Natürlich können Einzelpersonen keine individuellen Strategien gegen den Hunger entwickeln. Maßnahmen in Zeiten des Hungers und davor werden von Regierungen und möglicherweise auch von Nichtregierungs-Organisationen individuell und kollektiv entschieden. Es kann sich sogar als politisch unmöglich herausstellen, weltweit eine kohärente Strategie für Zeiten des Hungers und davor festzulegen. Wenn dem so ist, müssen wir uns für kleinteilige und bruchstückhafte Lösungen entscheiden. Aber jeder Mensch, der in der Position ist, solche Maßnahmen, sei es nun global oder lokal, zu unterstützen oder abzulehnen, muss entscheiden, welche Maßnahme er für gut befindet und welche nicht. Selbst bei Einzelpersonen kommen Tatenlosigkeit und Gleichgültigkeit häufig Entscheidungen gleich – Entscheidungen, die Maßnahmen gegen den Hunger während und vor der Hungersnot zu unterstützen oder den Status quo fortzuschreiben, ob dies nun durch aktive Teilhabe oder passives Geschehenlassen passiert. Es gibt eine ganze Reihe von Möglichkeiten für den Bürger, solche politischen Maßnahmen zu beeinflussen. Zum Beispiel, indem sie sich für oder gegen Entwicklungshilfe und Auslandsinvestitionen einsetzen, indem sie sich Organisationen oder Gruppierungen wie Zero Population Growth anschließen oder nicht, indem sie Technologien nutzen, die die Umwelt bewahren, und einen entsprechenden Lebensstil pflegen.
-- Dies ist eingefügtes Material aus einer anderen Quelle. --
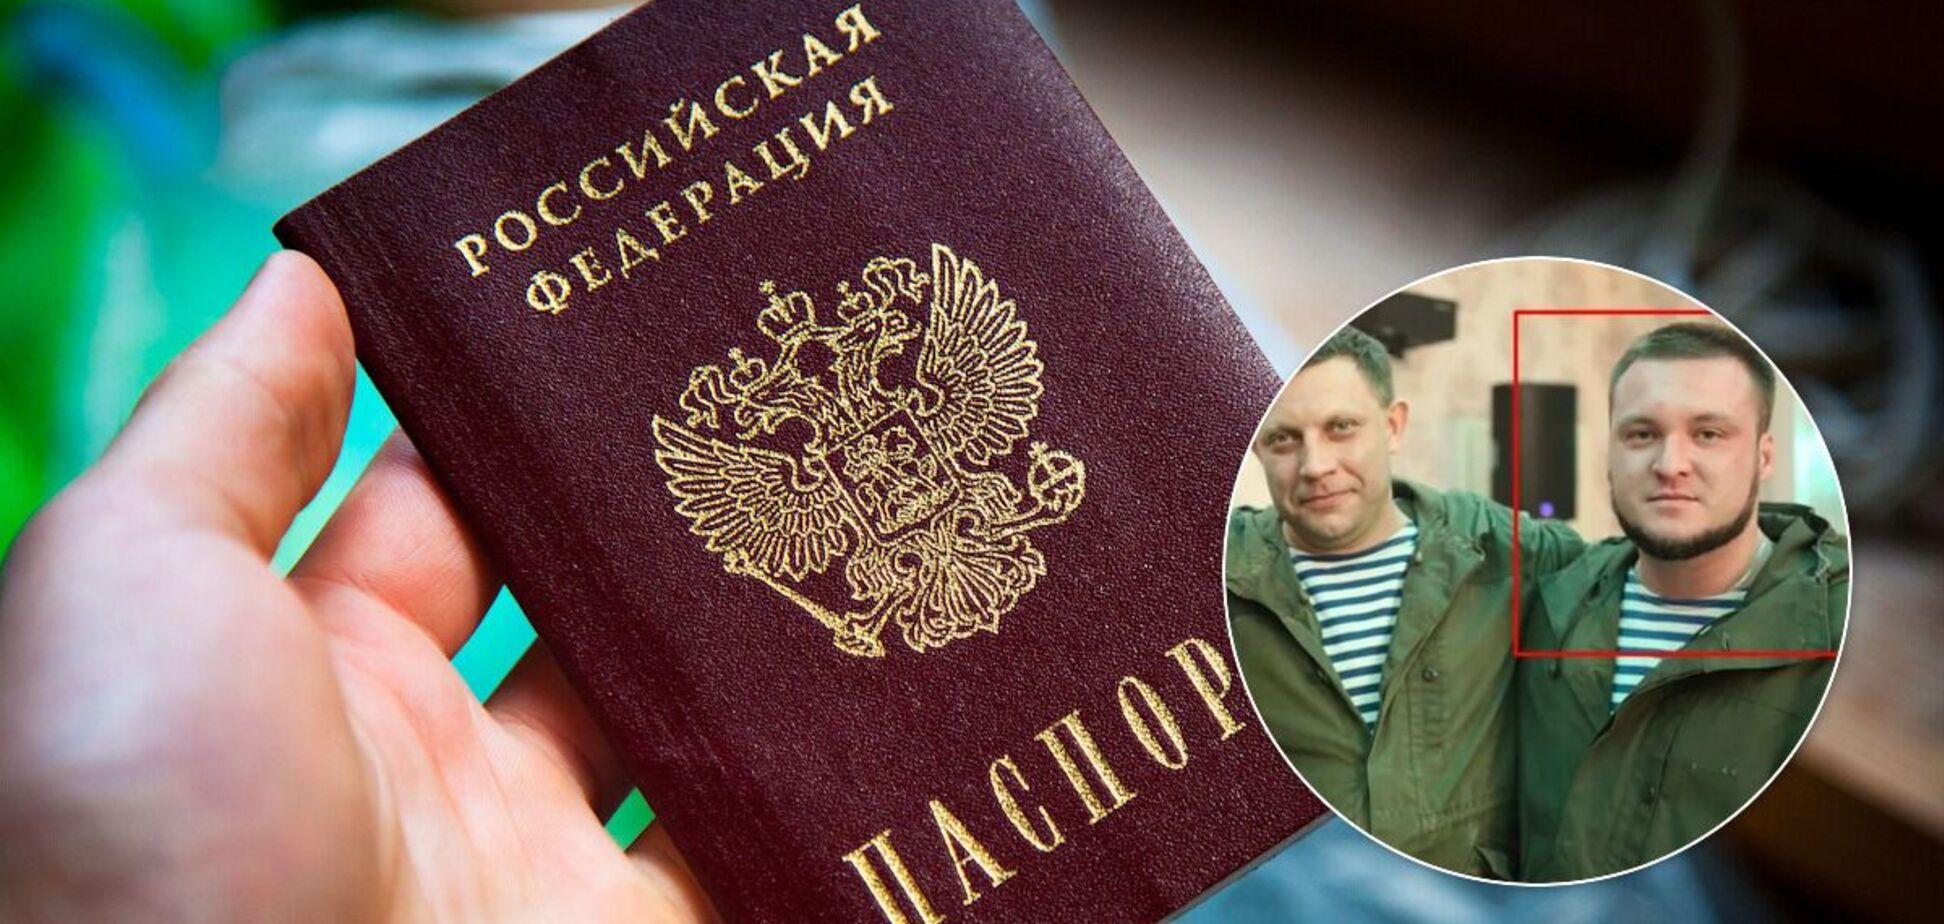 Террорист Сергей Завдовеев рассказал о причинах отказа в гражданстве РФ
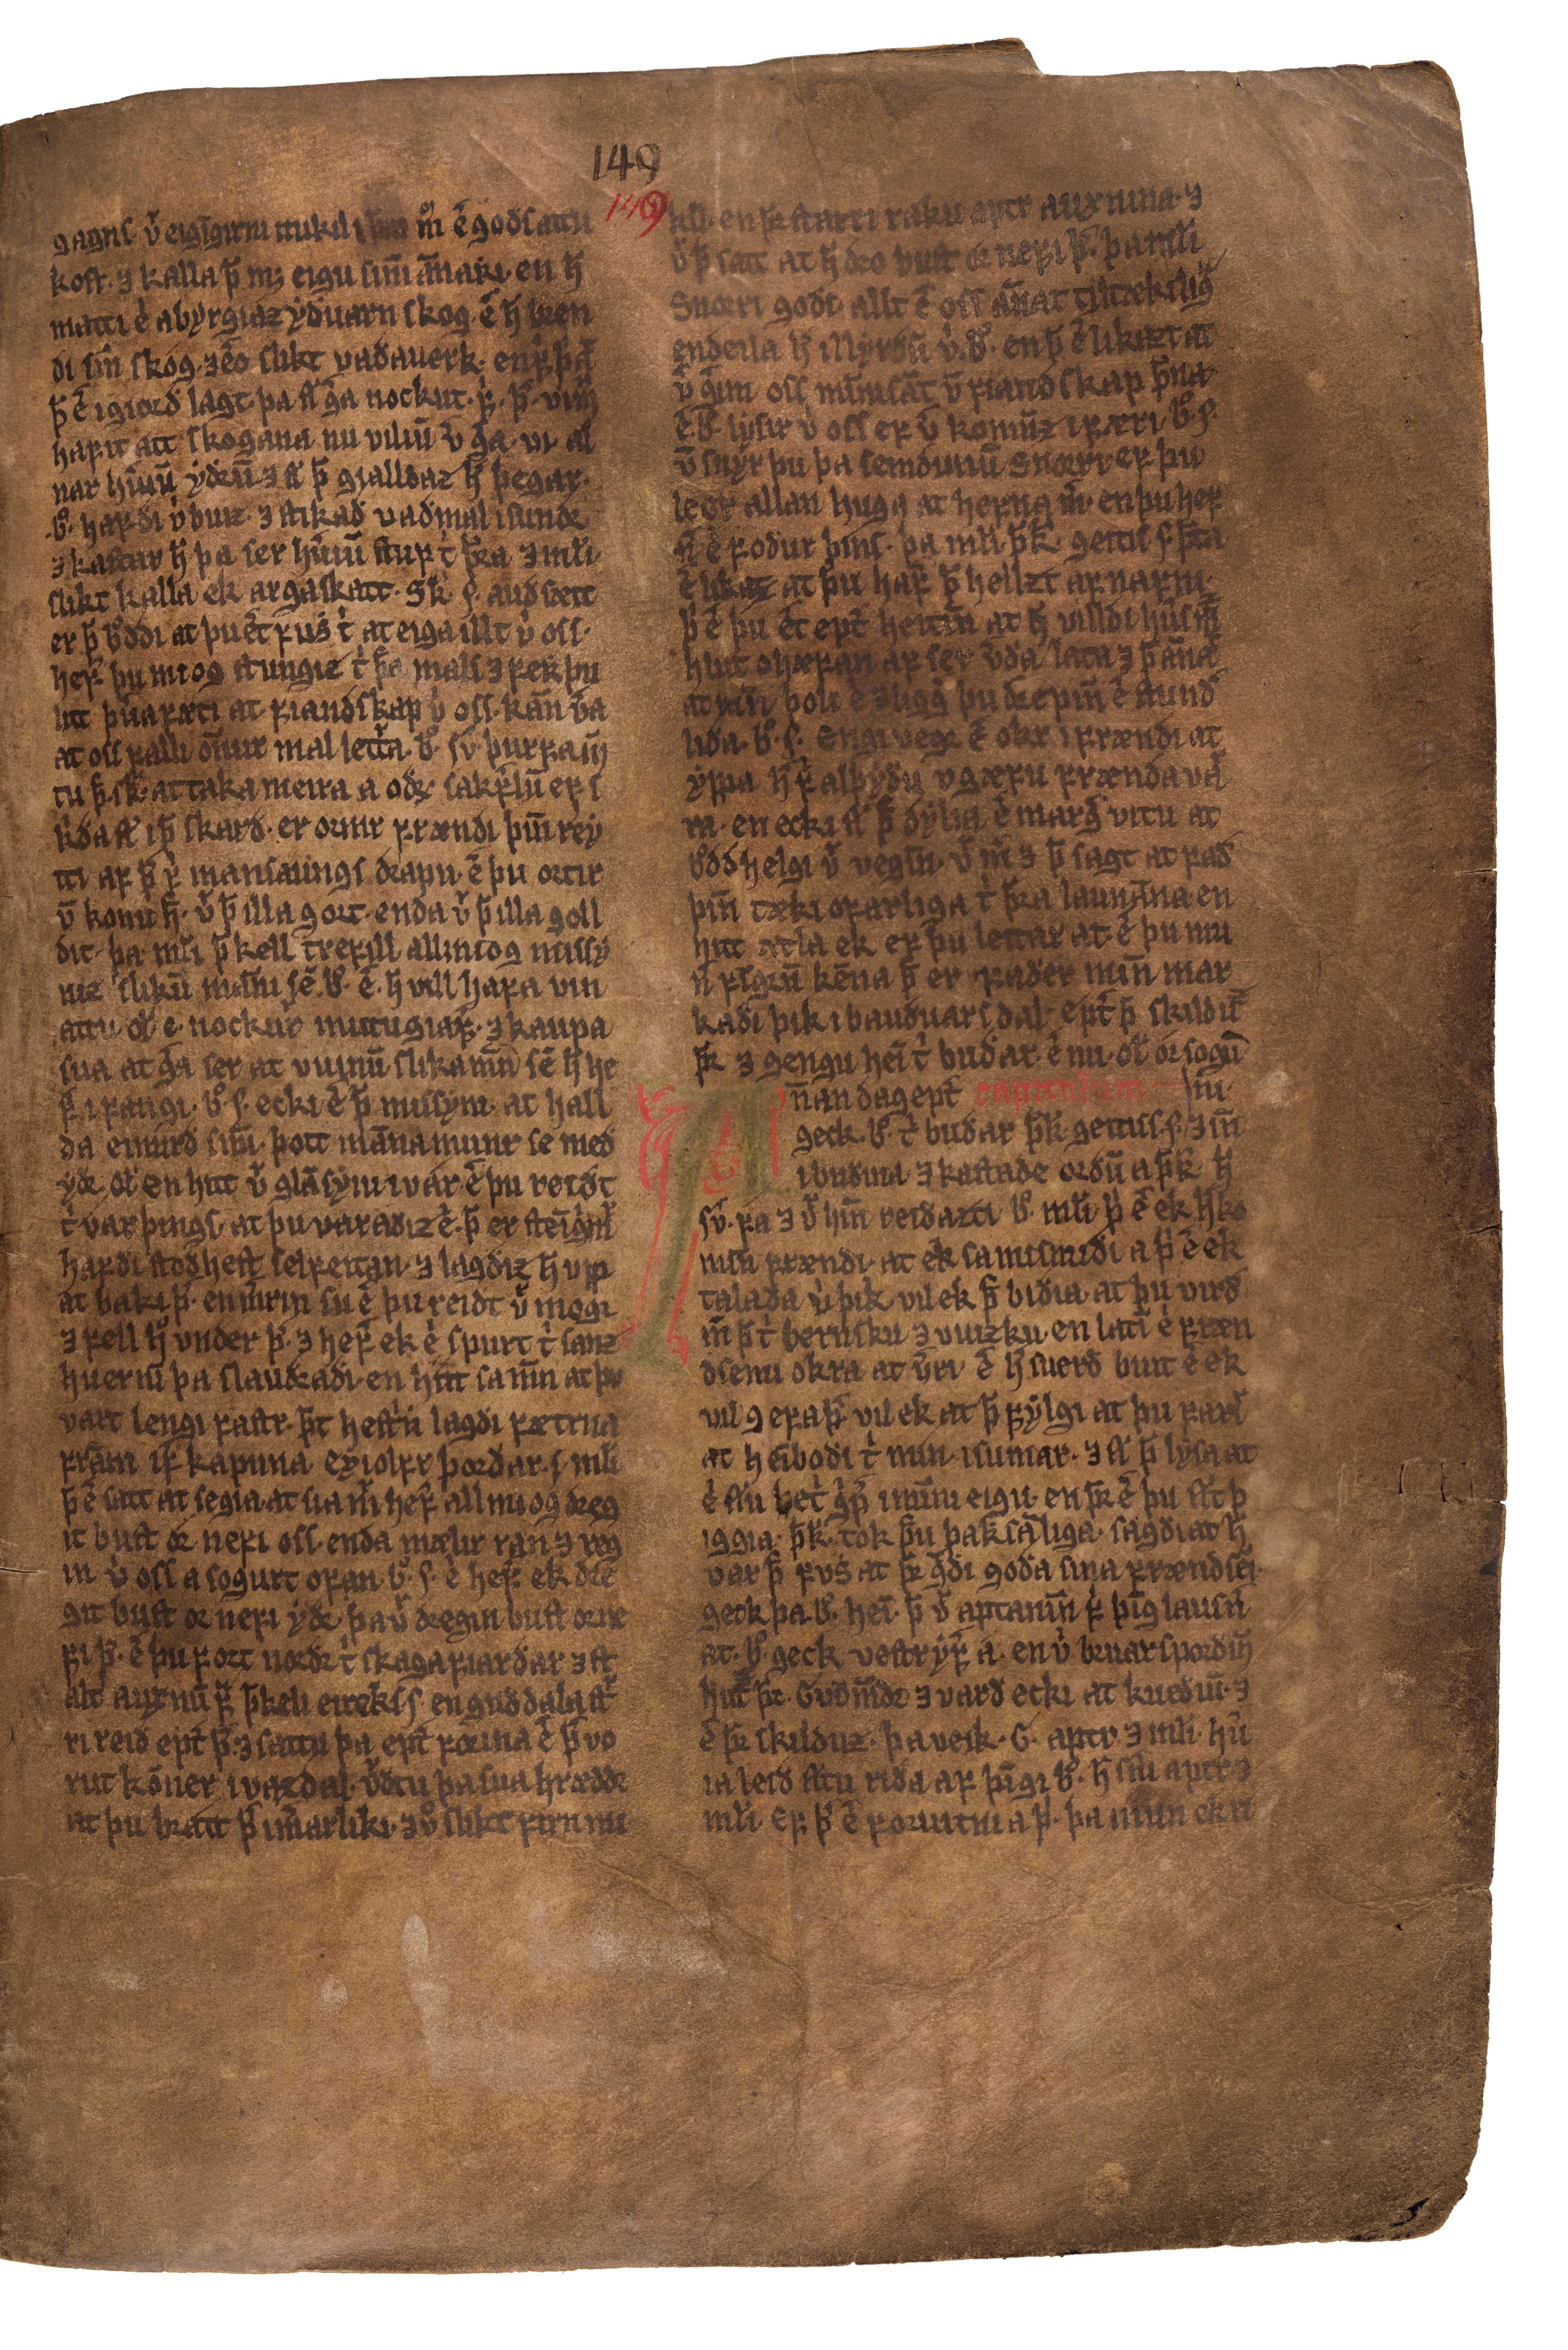 AM 132 fol - 149r

Wir haben also ganz individuell jeder die Pflicht, das Töten zu verhindern. Denn selbst wenn wir
a) die Hungertoten nicht im Alleingang getötet haben,
b) die Hungertoten nicht unmittelbar getötet haben,
c) nicht wissen, welche Menschen in der Folge der von uns unterstützten Maßnahmen gegen den Hunger und zur Vorbeugung einer Hungersnot sterben werden (außer natürlich, wir vertreten eine Art Völkermord durch Hunger),
d) nicht beabsichtigen, dass jemand vor Hunger stirbt,
töten wir und lassen die anderen nicht einfach nur sterben. Denn als Resultat unseres Handelns im Einklang mit anderen werden Menschen sterben, die hätten überleben können, hätten wir anders gehandelt und nicht ursächlich Einfluss genommen.